Most of us say "thanks" without thinking.
May 17--Like so much in the communications age, the long-foretold Internet of Things has sneaked up on us.
The term Internet of Things (coined by MIT'sKevin Ashton in 1999) denotes a world in which appliances, physical objects, clothing, sensors, and data systems are all wirelessly networked, allowing you to monitor and control them from afar, on the go -- and, alas, for them to monitor you.
Many people now monitor their houses (temperature, surveillance cameras, crock pot making dinner, fridge, budgie-cage warmer) remotely. Already there are hundreds of gadgets you can app-erate on your mobile device, from garage door openers and security systems to pacemakers and implantable insulin pumps. And there are single-hub control systems, such as Staples Connect. It's estimated that by 2016 about 19 billion intelligent devices will be wirelessly networked -- about 2.5 per person on Earth.
Foremost has been the smart car, starting for you, parking for you, and avoiding fender-benders. About 1.5 million people, for example, already drive smart Fords. New models can synchronize Ford's SYNC system with the software called AppLink, so you can voice-control your smartphone apps while in your car, orchestrating your world while on wheels.
On Wednesday, the Pew Research Center Internet Project and Elon University's Imagining the Internet Center released a big survey about all this. Lee Rainie, director of the Pew project, says it was time: "There seems to be a critical mass. More and more companies are building infrastructure and new products, like the Samsung Gear line of smart watches, Google Glass, and personal drones."

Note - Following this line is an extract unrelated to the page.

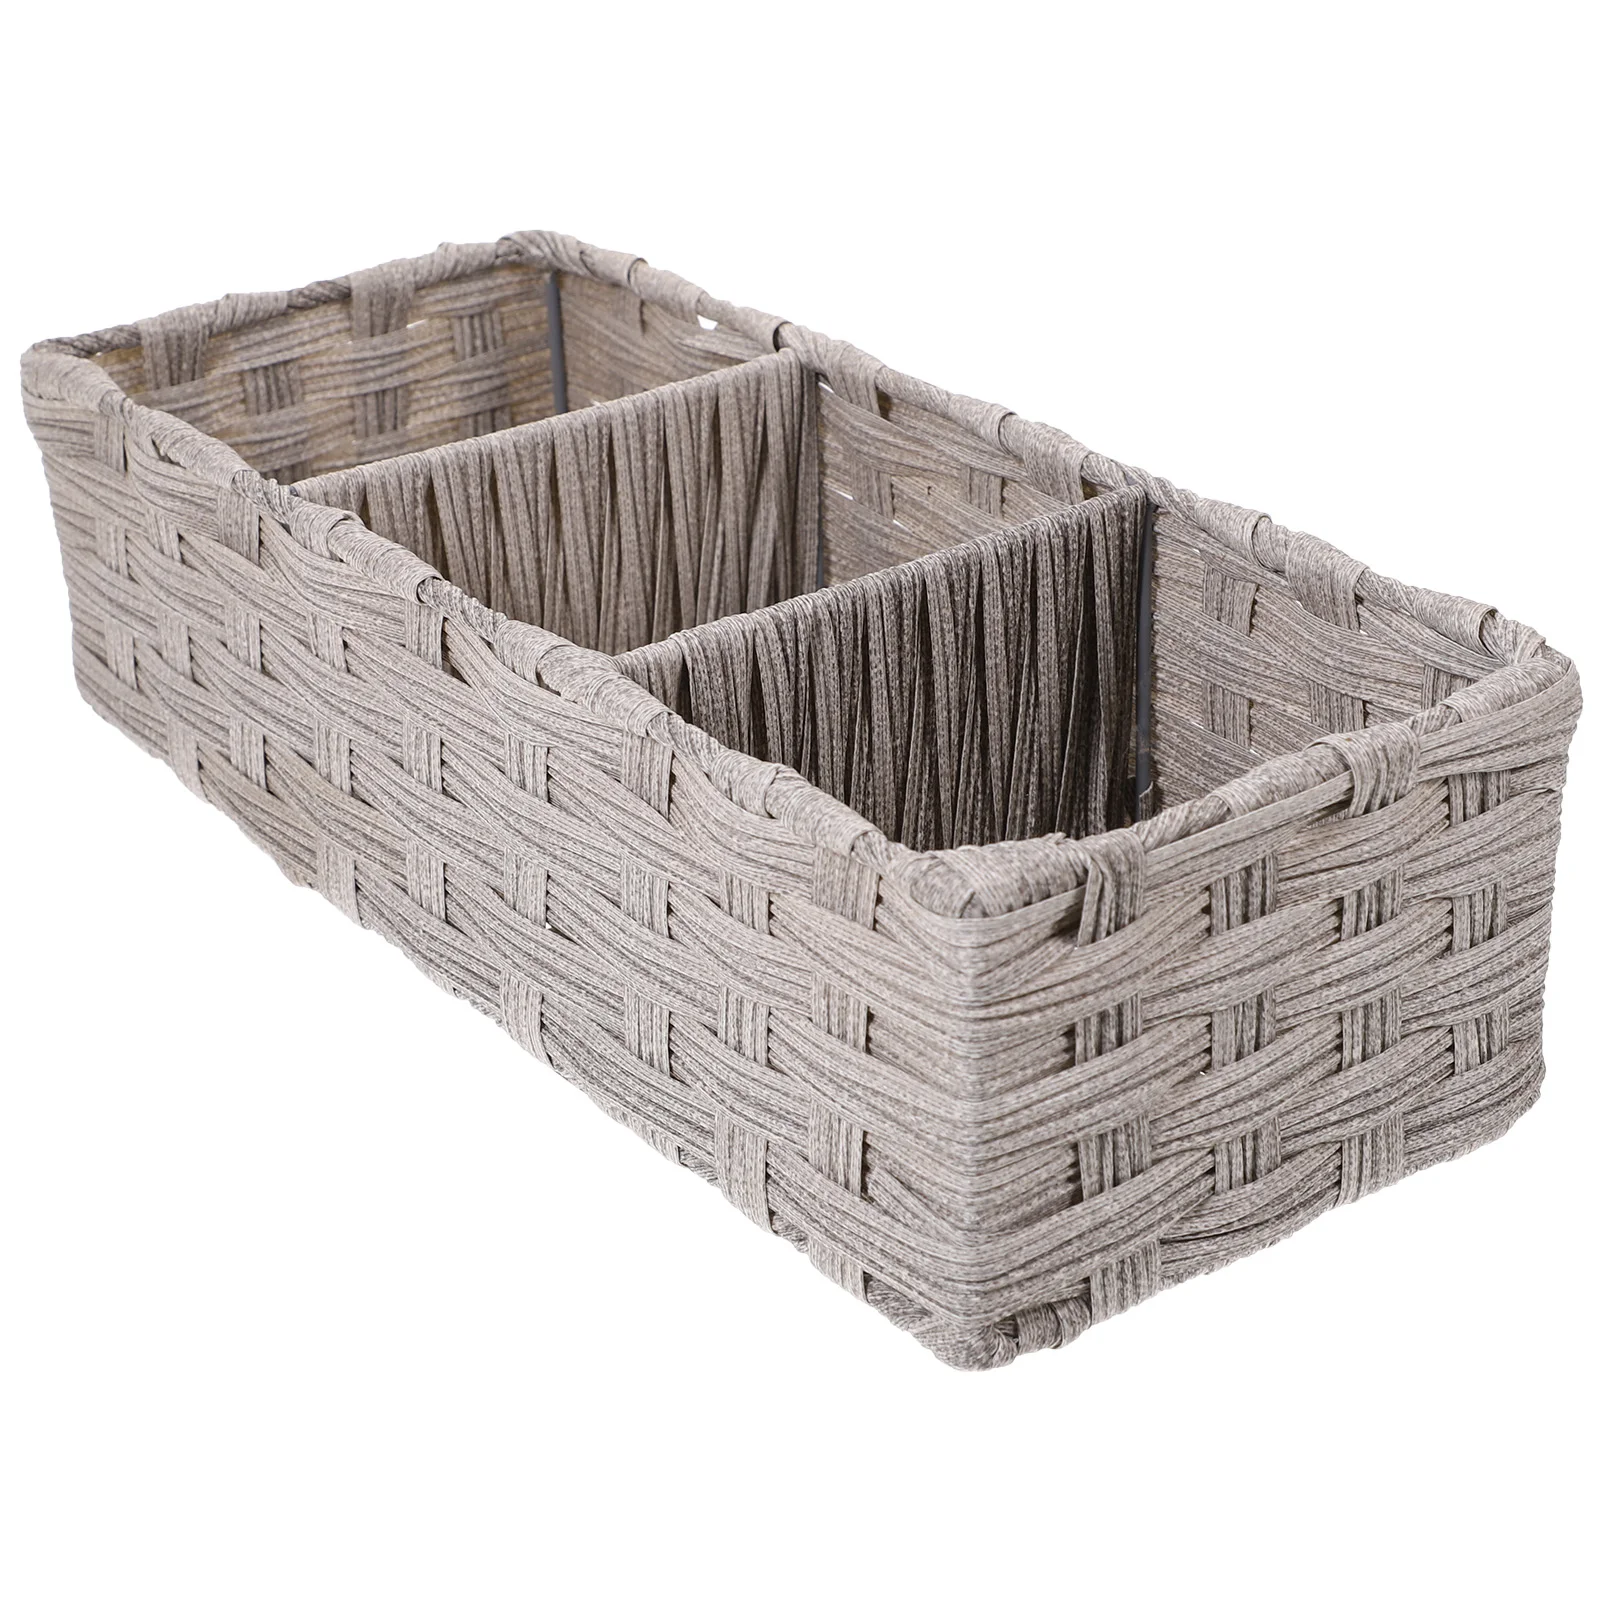 

Basket Wicker Storage Organizer Baskets Woven Rattan Holder Seagrass Toilet Coffee Divided Bathroom Hyacinth Boxtea Paper

So, is the Internet of Things a good thing of things?
The study, titled "The Internet of Things Will Thrive By 2025," is a curious document. It surveys 1,867 experts and industry soothsayers. The gist: The Internet of Things will be great, and there will be issues -- chief among them privacy and security.

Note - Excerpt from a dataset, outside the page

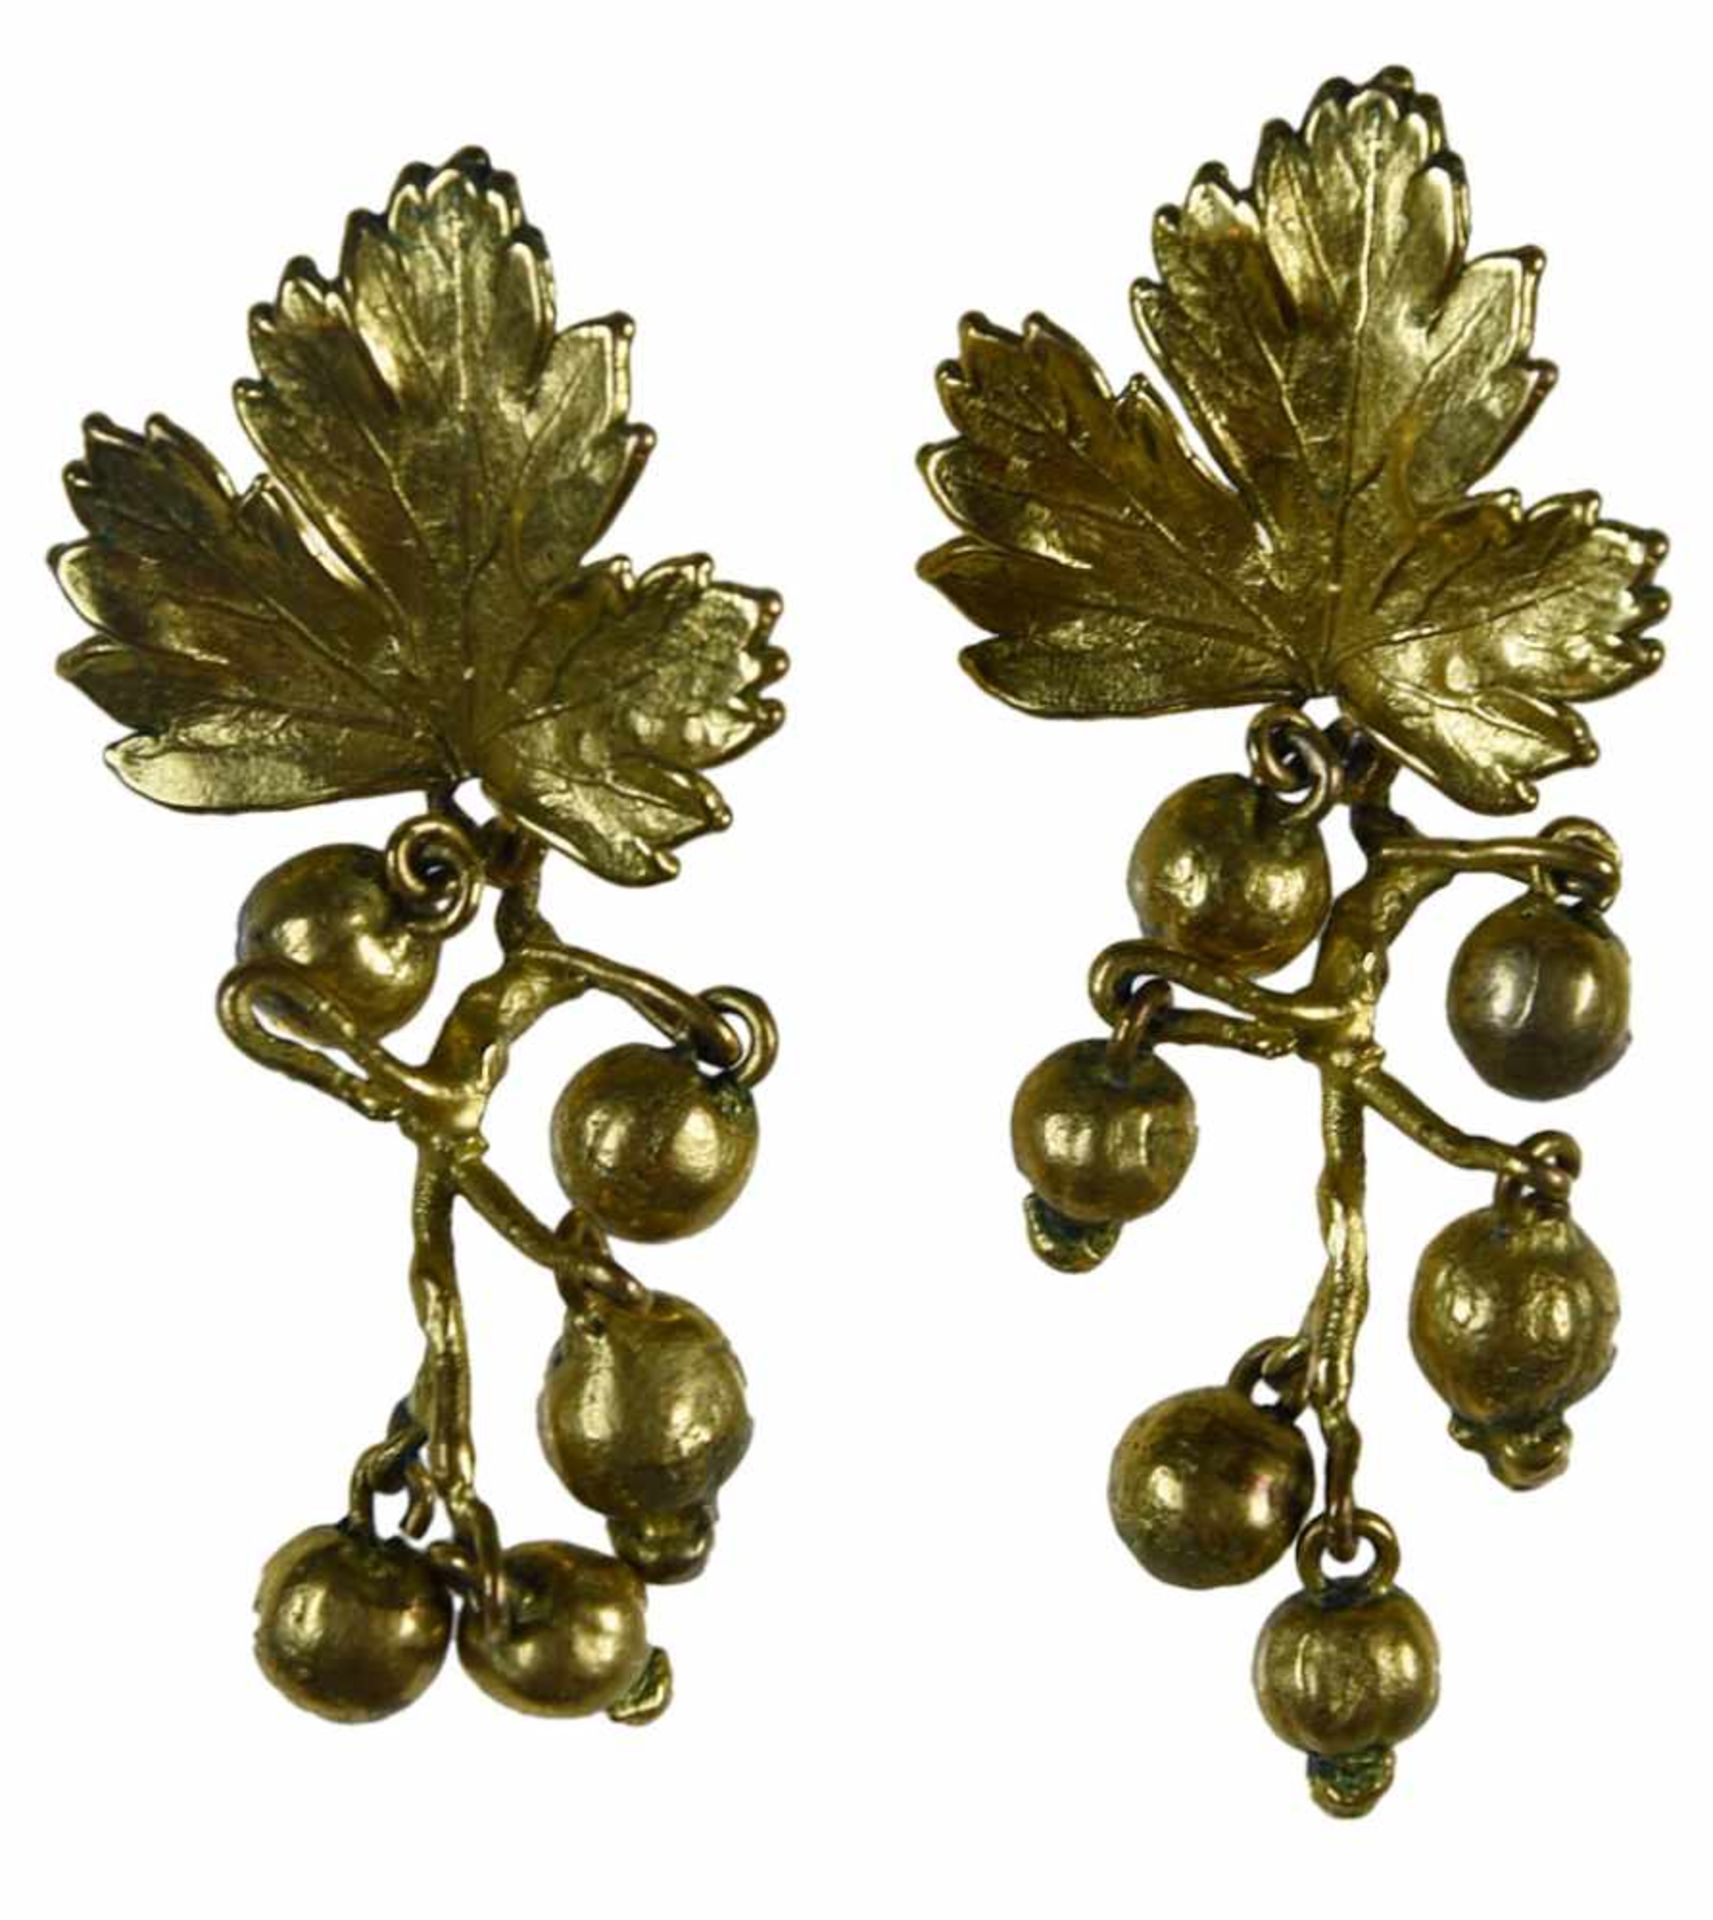 Claude Lalanne - Earrings in the shape of currant berries - Gloden bronze En bronze doré. Il

"Eighty-three percent say, 'Yup, it'll happen and have benefits,' " Rainie said, "then they say, 'But here are the things you're going to have to worry about as we move into this world,' many cautionary notes to policymakers and engineers, saying, 'This could go very wrong if we're not careful.' "
By 2025, said respondents, our devices "will be interacting with the physical and virtual worlds more than interacting with us. The devices are going to disappear into what we wear and/or carry." We will, they predicted, "talk to devices in essentially the same way we talk to other people." (Siri is already here, and Samantha of Her is set in only the "slight" future.)

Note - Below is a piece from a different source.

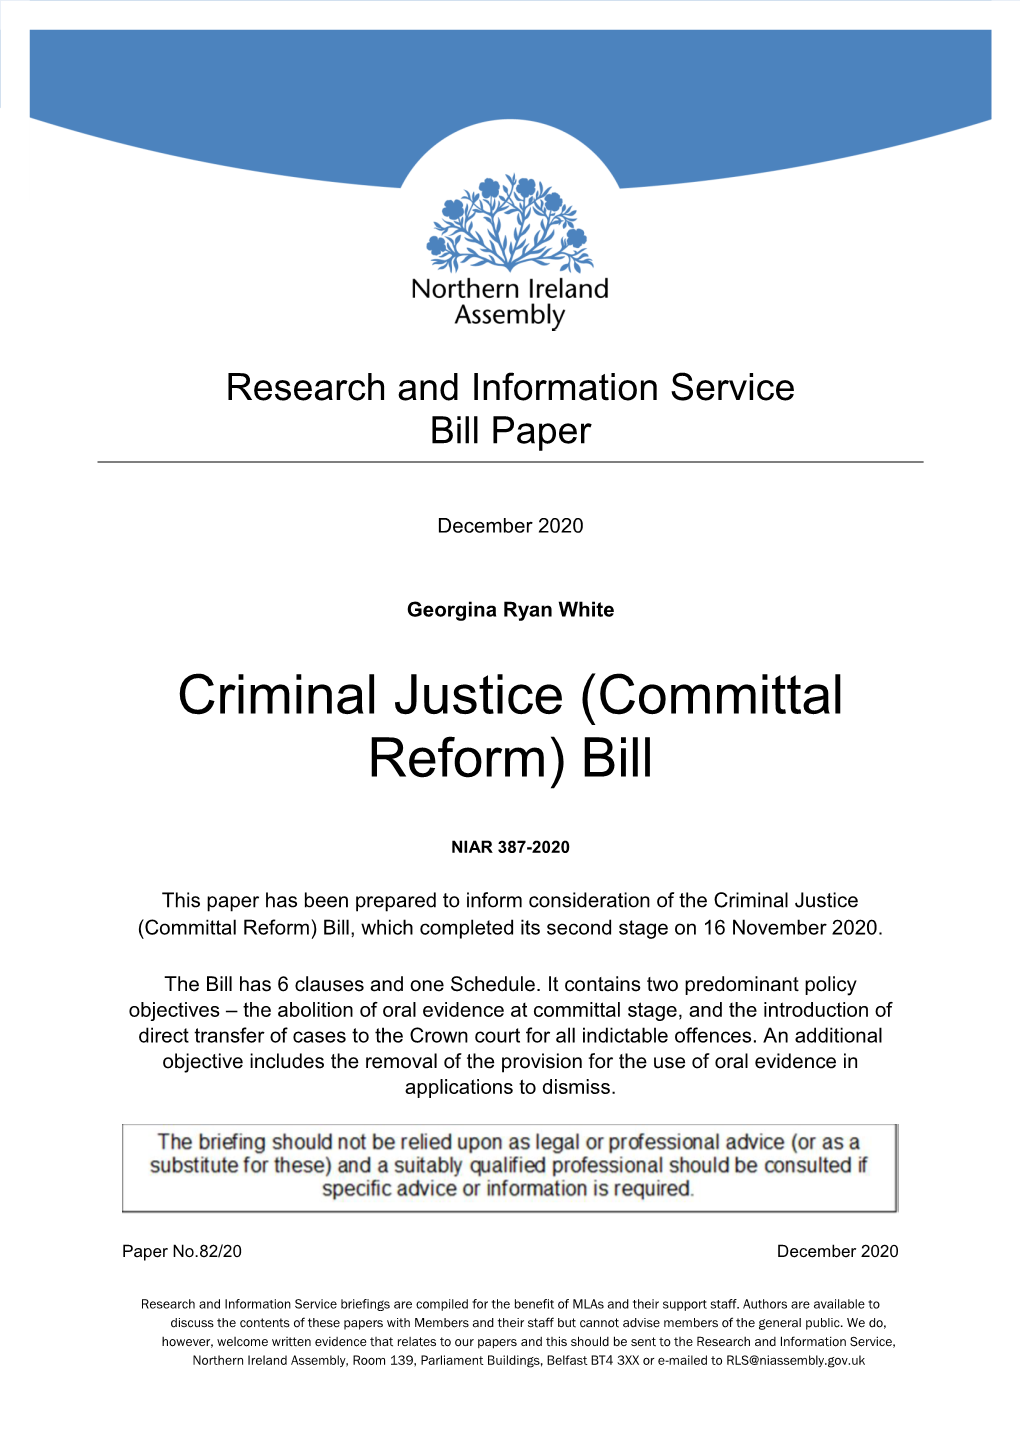 Criminal Justice (Committal Reform) Bill

"Yes, you will be permanently connected to the network via wearable devices." (If you think you can't escape work now . . ..)
Another inescapable thing: data collection. "Every part of our life will be quantifiable and eternal, and we will answer to the community for our decisions," writes social media maven Laurel Papworth. If you decide to skip the gym today, "your gym shoes [will] auto tweet . . . to the peer-to-peer health insurance network that will decide to degrade your premiums."
If the self becomes totally quantifiable, a specter rises: the sacrifice of privacy. Reading my blood sugar, blood pressure, and other vitals could help my doctor track and treat me. But once your private data exist, as Rainie puts it, "there's usually a way for someone else to get at them, whether it's law enforcement, companies, or government entities."
Many respondents focused on how the Internet of Things will intersect with Big Data -- the brave, current world of lightning-fast crunching of unthinkably vast info-universes, sifting and shifting to learn what the sifters and shifters want to know about you.
"By 2025, we will have long ago given up our privacy," said college professor Peter Jacoby. "The Internet of Things will demand -- and we will give willingly -- our souls."
Much negotiation lies ahead over how to handle these matters. A coming Pew report asks this huge question: "Will we or won't we by 2025 have worked out a commercial regime in which both users and retailers are happy with how info is used? Where there's some balance with which most people are happy?" (Hope so.)
More heartening is what respondents say about us, the users.
"Human beings have a say," as Rainie puts it. "As users, we discover undreamed-of uses for new tech the designers never saw. We'll do the same with our smart houses, cars, sneakers, and fridges."
And as we do, we may shape the Internet of Things into an Internet of Us.